With networks pushing C7 measurement and Nielsen's making multiscreen
numbers available, how will the measurement issue play out in this upfront?
Geraci:
It's really too late at this point to get a
significant number of advertisers on board a C7 metric for this
upfront, and for a certain number of them, full C7 will never be an option for
the entirety of a flight or campaign. Nielsen's online measurement, and an
improved multi-platform assessment will certainly play a role in the
marketplace going forward long-term, regardless of the agreements made in this
year's upfront.

Gordon: This is
all about accountability. Every dollar needs to work harder, and every dollar
is held accountable to deliver against a campaign objective-to make the
register ring. But how can we be truly accountable if we don't have better
estimates of the audience viewing our commercials? Our clients are asking for
accurate measurement of their creative messages across platform on a more
granular basis than ever before. Media owners offering that level of
accountability will see their share of budgets increase.

Nitti: Non-C3
metrics make sense for certain advertisers but certainly not the large
majority, so where they make sense, we are open to having the conversation. The
bigger question is how we are going to be able to accurately measure the
contributions to viewership beyond the linear screen and online video. The
growth in mobile, over-the-top, tablet and VOD are all eating away at C3
numbers, and until we are able to aggregate them all together, we can't paint
the full picture of viewership. Affinity and passion for video content is
stronger than ever, but traditional measurement doesn't tell that story.

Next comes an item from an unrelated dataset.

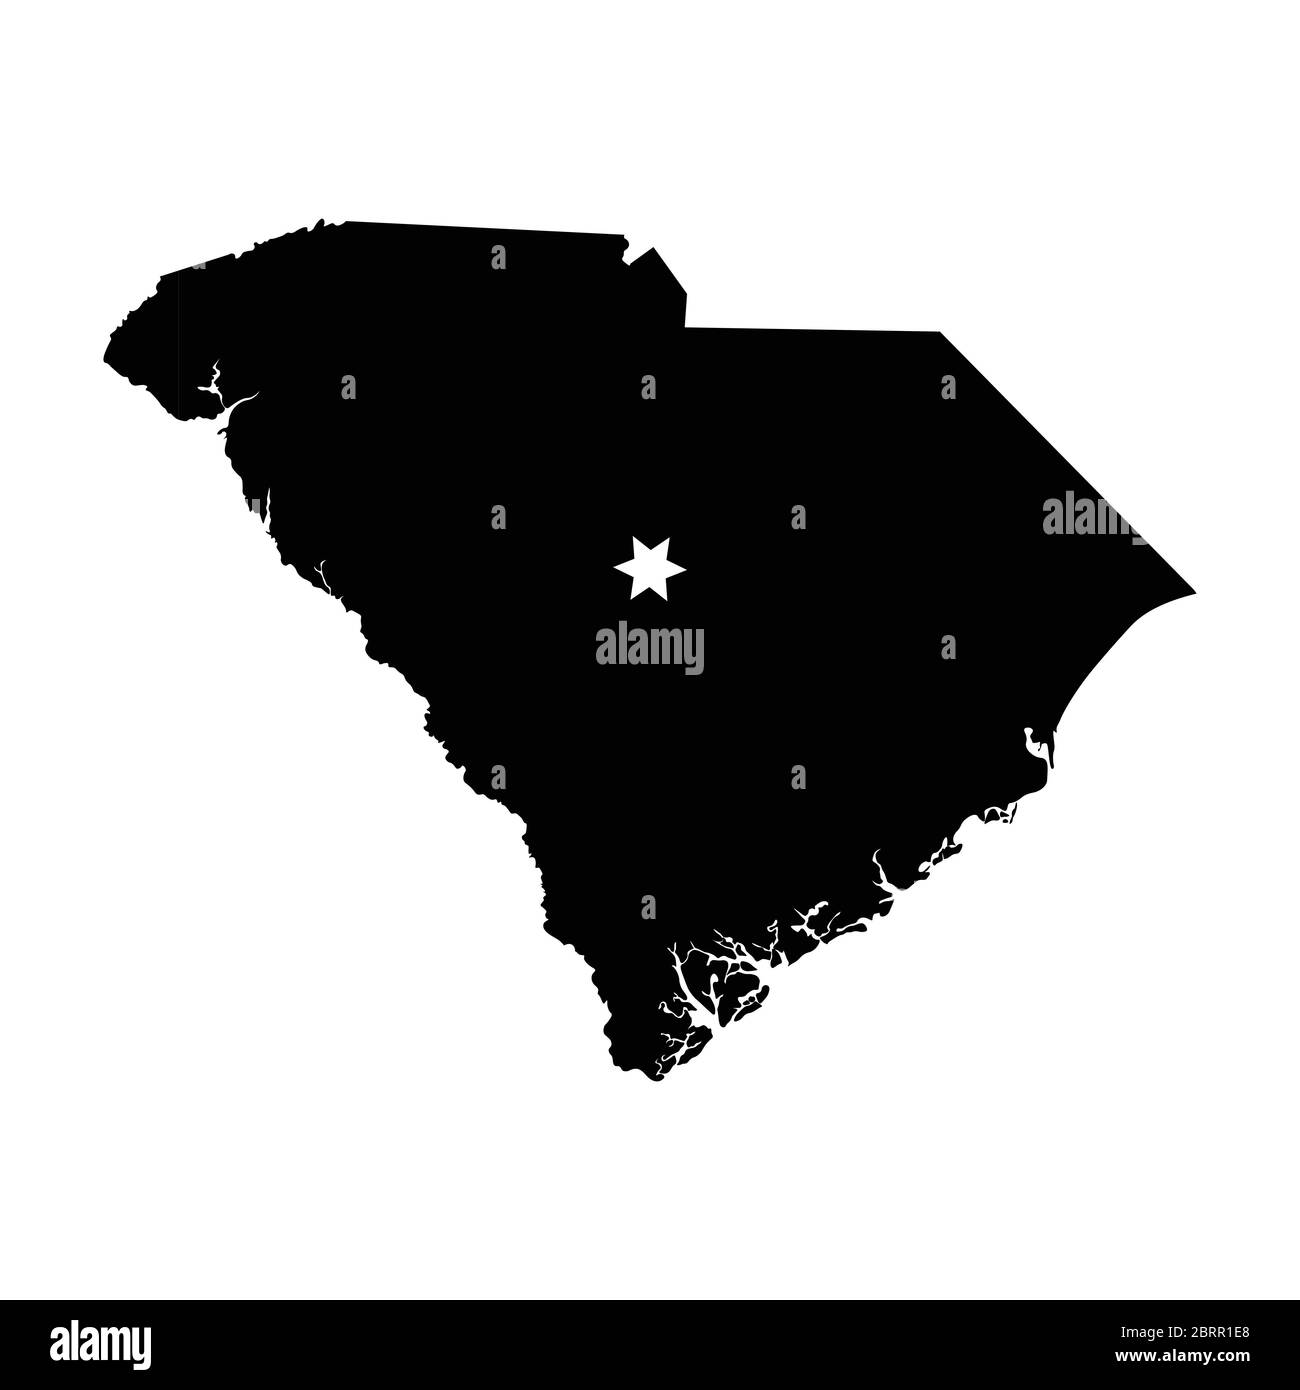 South Carolina SC state Map USA with Capital City Star at Columbia. Black silhouette and outline isolated maps on a white background. EPS Vector Stock Vector

Nielsen
and ComScore can capture some of this through OCR [online campaign ratings],
XCR [cross-platform campaign ratings] and vCE [validated campaign essentials],
respectively, but we are still lacking with respect to mobile, tablet and set-top
box VOD...we are committed to pushing as an industry and being a part of an
expedient solution.

Richman:
Measurement and data have always played a role in the upfronts. But this year
in particular it's more acute as big data-in both volume and velocity-becomes
as talked about as big hits. Neither C7 nor Nielsen will be the deciding factor
concerning where the money flows unless networks make it one. What will be more
interesting is where this leads in the years to come as we move beyond average
commercial ratings to brand-specific commercial ratings and real-time data. At
that point, we'll see the upfront truly evolve to support business goals with more
precision.

Merrifield: C7
is a pure artificial inflation of supply and a masking of paying more for less.
I see no upside for my clients to jump to a metric in which a few shows see a
bump. The next industry measurement innovation is against ROI, and target
optimization. I see no benefit to C7 for my clients or the industry; we need to
move in collaboration, if monetization of all screens is truly the goal.

Silkworth: It is
a hot topic, but in my opinion not something that is as simple a solution as
moving from C3 to C7. The marketplace has changed since the move to C3: yes,
higher DVR penetration, but also a greater appetite for accountability and
measurement outside of just additional days of DVR viewing. It is also
important to note that not all networks are impacted by time shifting to the
same degree. For example, the largest Spanish-language network, which is often
the solid No. 4 broadcast network regardless of language, is almost DVR-proof.